***** Dataset section *****
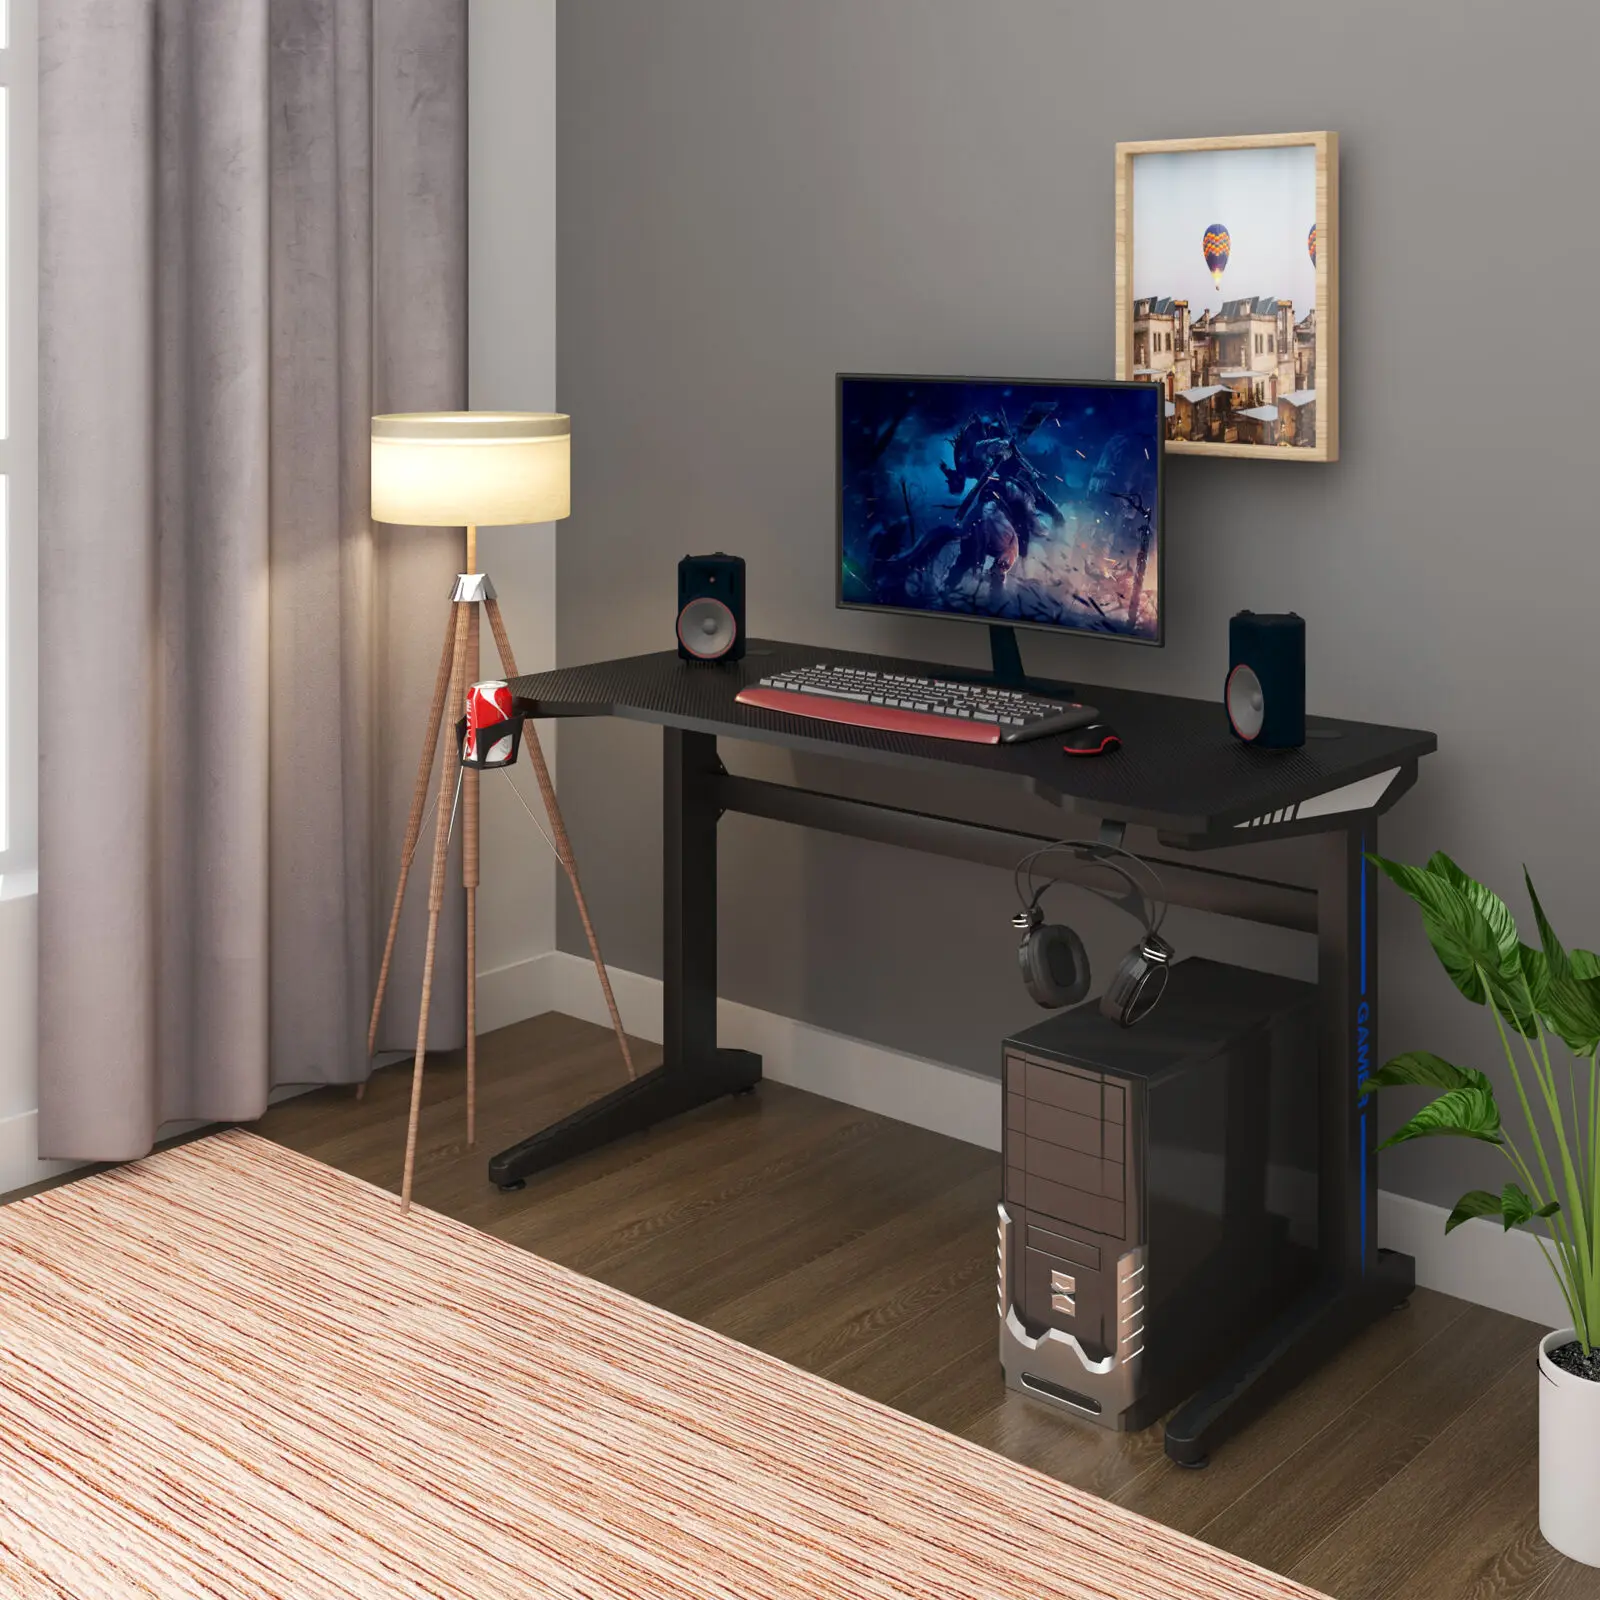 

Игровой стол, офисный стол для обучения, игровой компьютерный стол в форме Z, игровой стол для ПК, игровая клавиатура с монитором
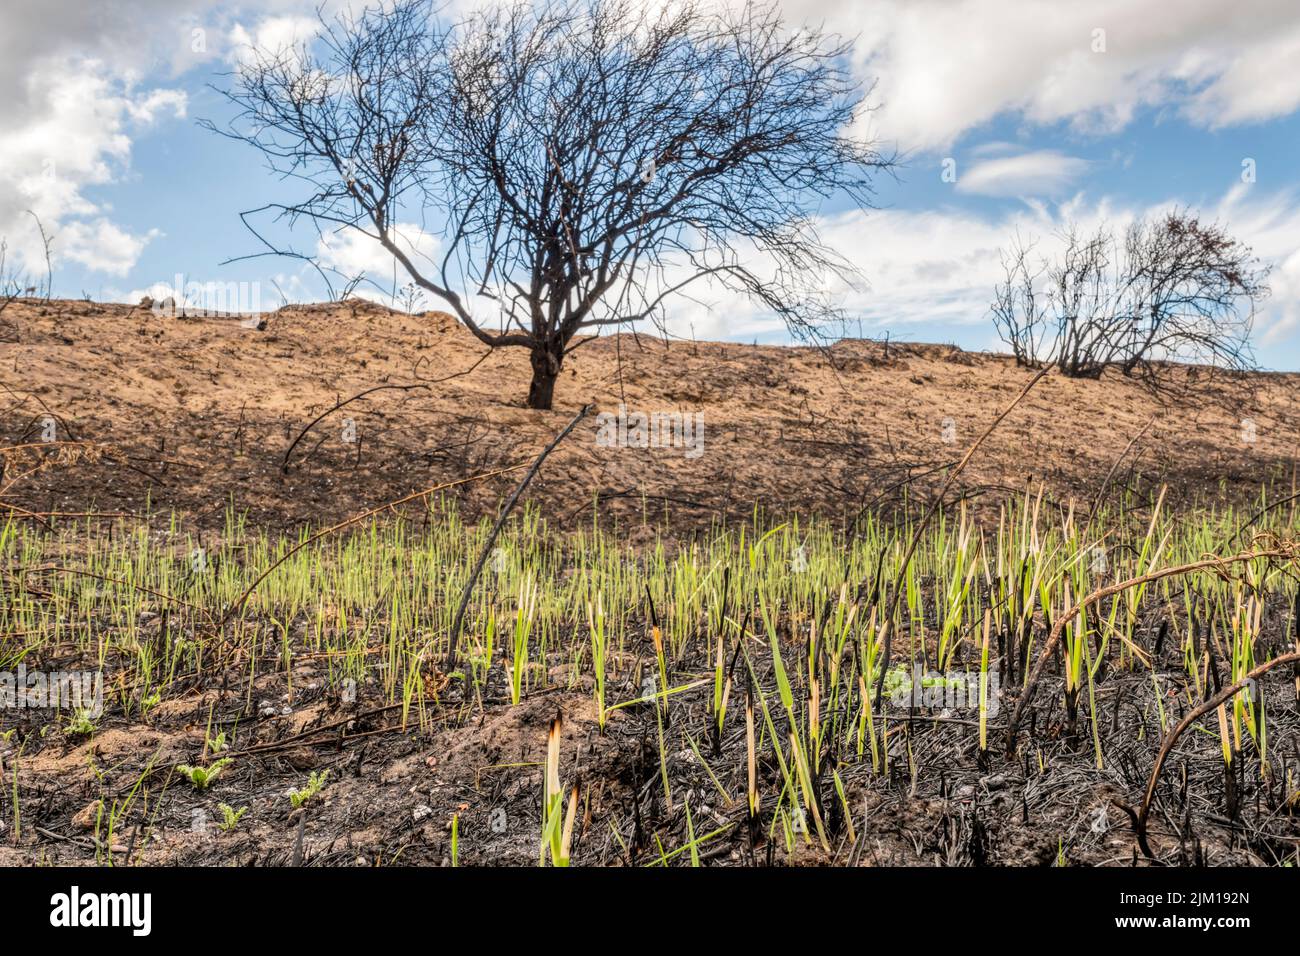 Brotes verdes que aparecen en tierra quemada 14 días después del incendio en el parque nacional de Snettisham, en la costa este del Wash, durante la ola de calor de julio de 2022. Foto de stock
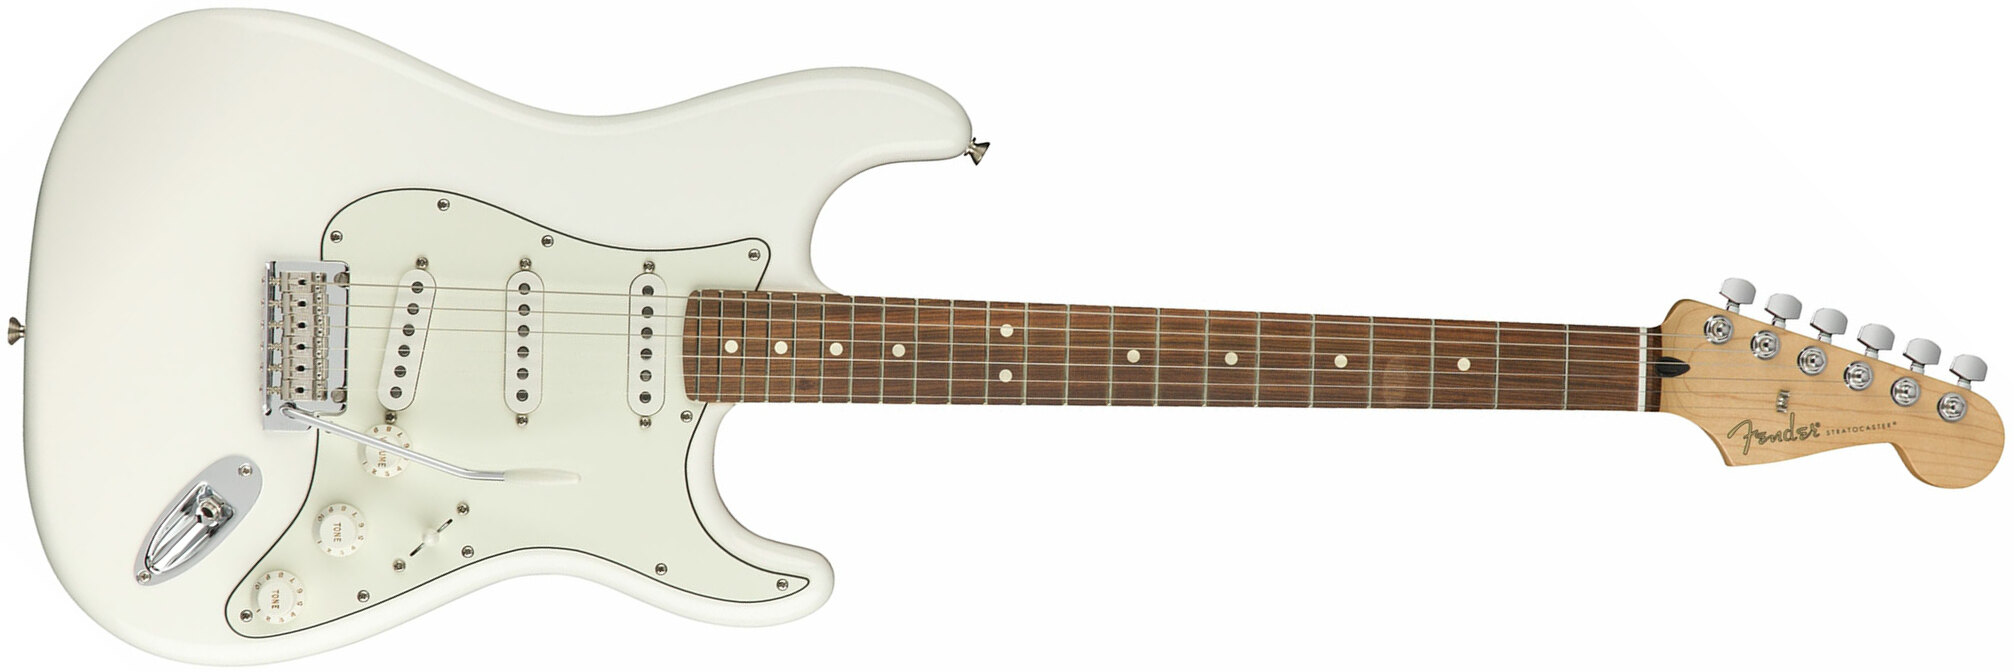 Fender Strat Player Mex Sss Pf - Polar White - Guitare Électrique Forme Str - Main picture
*****
What is needed is the listing above, repeated verbatim, without its images.

### Answer to the problem
Игровой стол, офисный стол для обучения, игровой компьютерный стол в форме Z, игровой стол для ПК, игровая клавиатура с монитором
 Brotes verdes que aparecen en tierra quemada 14 días después del incendio en el parque nacional de Snettisham, en la costa este del Wash, durante la ola de calor de julio de 2022. Foto de stock
 Fender Strat Player Mex Sss Pf - Polar White - Guitare Électrique Forme Str - Main picture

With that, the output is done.